When the action of the dorsal nerve along with the sympathetic system takes a dominant role, patients may experience irritable bowel syndrome, stroke, heart attack, breathing problems, anxieties and depressions, and behavioral problems along with a mistaken interpretation of signals coming from the body.
The parasympathetic system with the ventral branch of the vagus nerve (the new one) is present only in mammals. The ventral branch originates in the nucleus ambiguus and is responsible for the innervation of supradiaphragmatic organs. It plays a key role in the process of emotional attachment and relationships with other people, and thus for social engagement, empathy level, and a sense of safety. It regulates the heart and lungs. Together with other cranial nerves, such as the trigeminal, oculomotor, optic, facial, hypoglossal, and glossopharyngeal, it forms a functionally connected whole, responsible for swallowing, chewing, and articulation.
The ventral branch can have a positive effect on a person, manifesting as a harmoniously functioning cardiovascular system, digestive system, metabolism, and emotional balance. If this branch functions improperly, it negatively reflects in the release of sympathetic activity and the old part of the nucleus ambiguus of the vagus nerve.
The last component of the nervous system – the sympathetic, is used to manage fight-or-flight behaviors.
Maintaining a balance in the functioning of the sympathetic system and the dorsal nerve helps to increase stress resilience, enhances the secretion of oxytocin, reduces the risk of stroke and diabetes, and decreases the occurrence of inflammatory states.
The polyvagal theory mentioned at the beginning is a very useful tool for observing patients struggling with the problem of anorgasmia, as emotions and the nervous system, working together, play a significant role in the diagnosis and subsequent treatment of the lack of orgasms.
The brain is the center of pleasure, where all information from the body converges. It is thanks to the brain that we know whether something is pleasurable for us or not. Many of our sexual preferences stem from simple physiology, and thus directly from our body structure. Thanks to nerve endings (receptors) located on and under the skin, our body receives a multitude of information and passes it on to the central unit - the brain.
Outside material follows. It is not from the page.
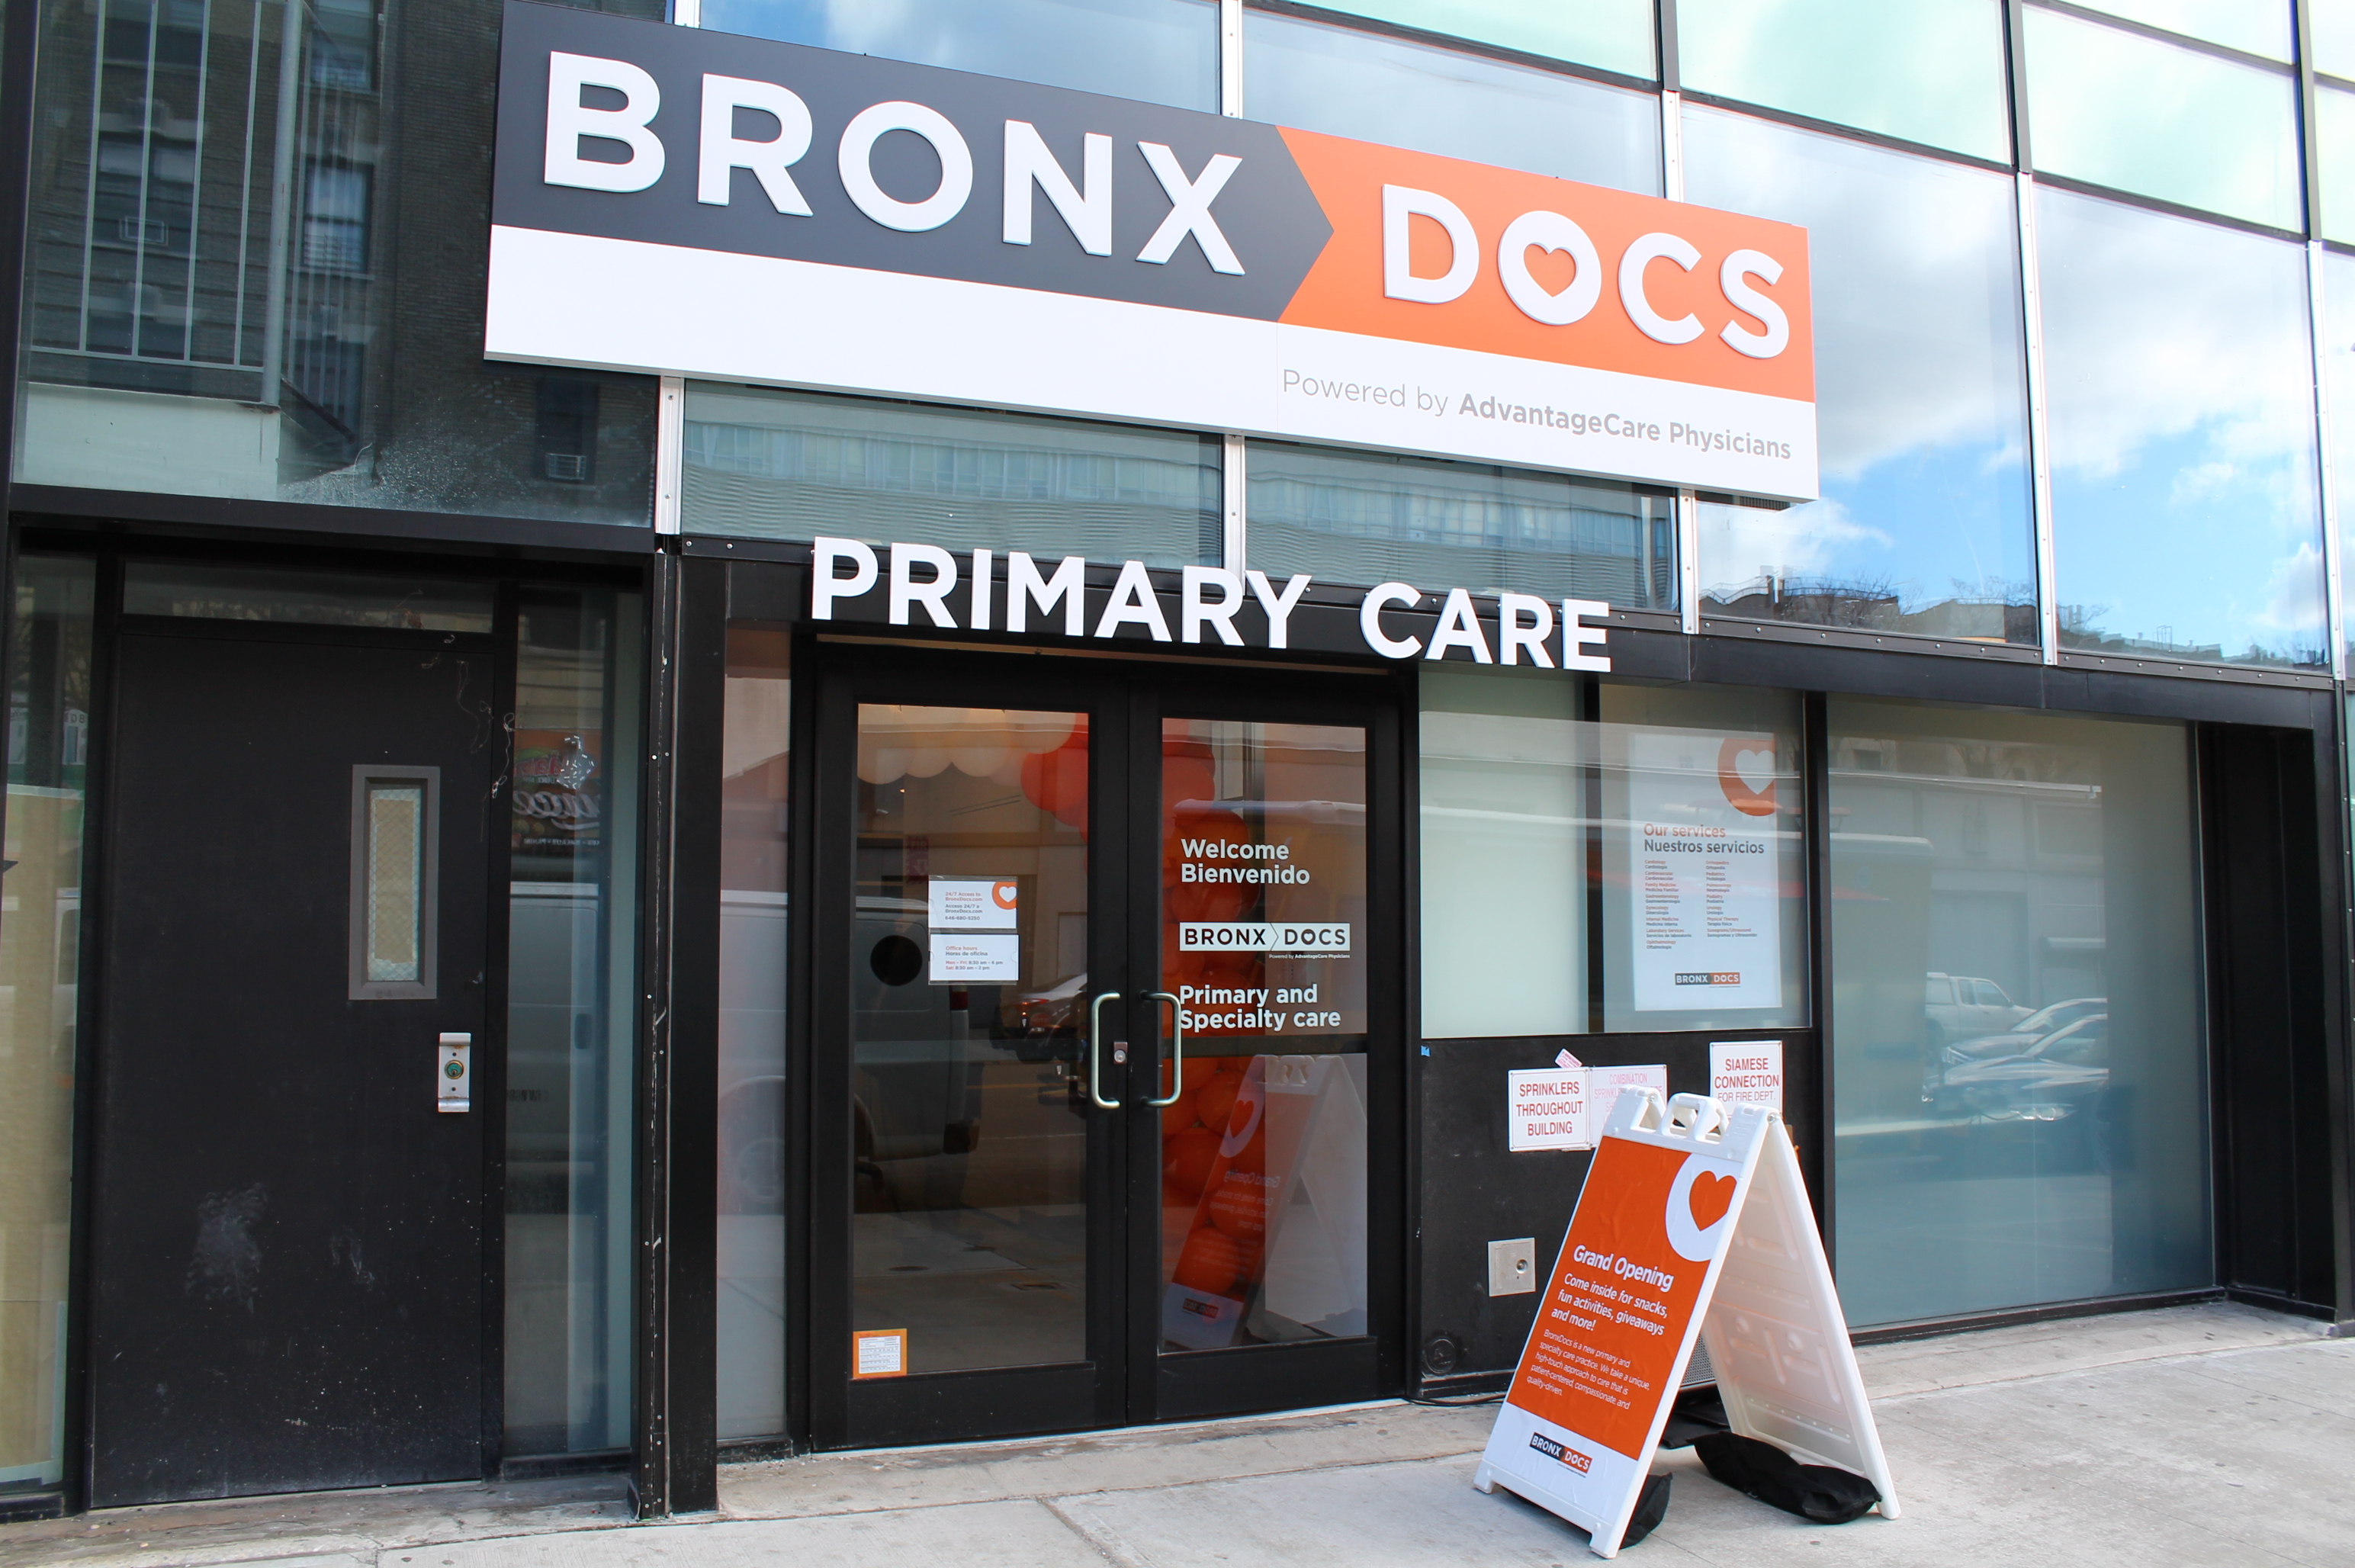 EmblemHealth Family Of Companies Announces Affiliation With BronxDocs Primary & Specialty Care

There are four types of nerves responsible for transmitting information to the brain during orgasm:
- Pelvic nerve, which transmits signals from the uterus and cervix (in women) and from the prostate (in men)
- Pudendal nerve, which conveys signals from the vagina and cervix (in women) and from the anus (in both sexes)
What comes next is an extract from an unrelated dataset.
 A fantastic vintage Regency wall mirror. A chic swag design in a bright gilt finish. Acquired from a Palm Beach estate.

- Clitoral nerve transmits data from the clitoris (in women) and from the scrotum and penis (in men)
- Vagus nerve, which carries signals from the cervix, uterus, and vagina.
If the vagus nerve is damaged or its function is disrupted and altered over the years, the person affected may notice a range of health problems, including difficulty achieving orgasm and lack of orgasm in both women and men. A malfunctioning nervous system, particularly the part responsible for transmitting signals necessary to achieve sexual satisfaction, significantly affects sexual life. Therefore, in cases where the source of the problem is difficult to identify, relying on the principles of the polyvagal theory, it is worth focusing on the functioning of the vagus nerve. This confirms the beneficial effect of tantric massage, which through pressures and touches acting in the skin-visceral space and through a specific breathing method supports the regulation of the vagus nerve's function."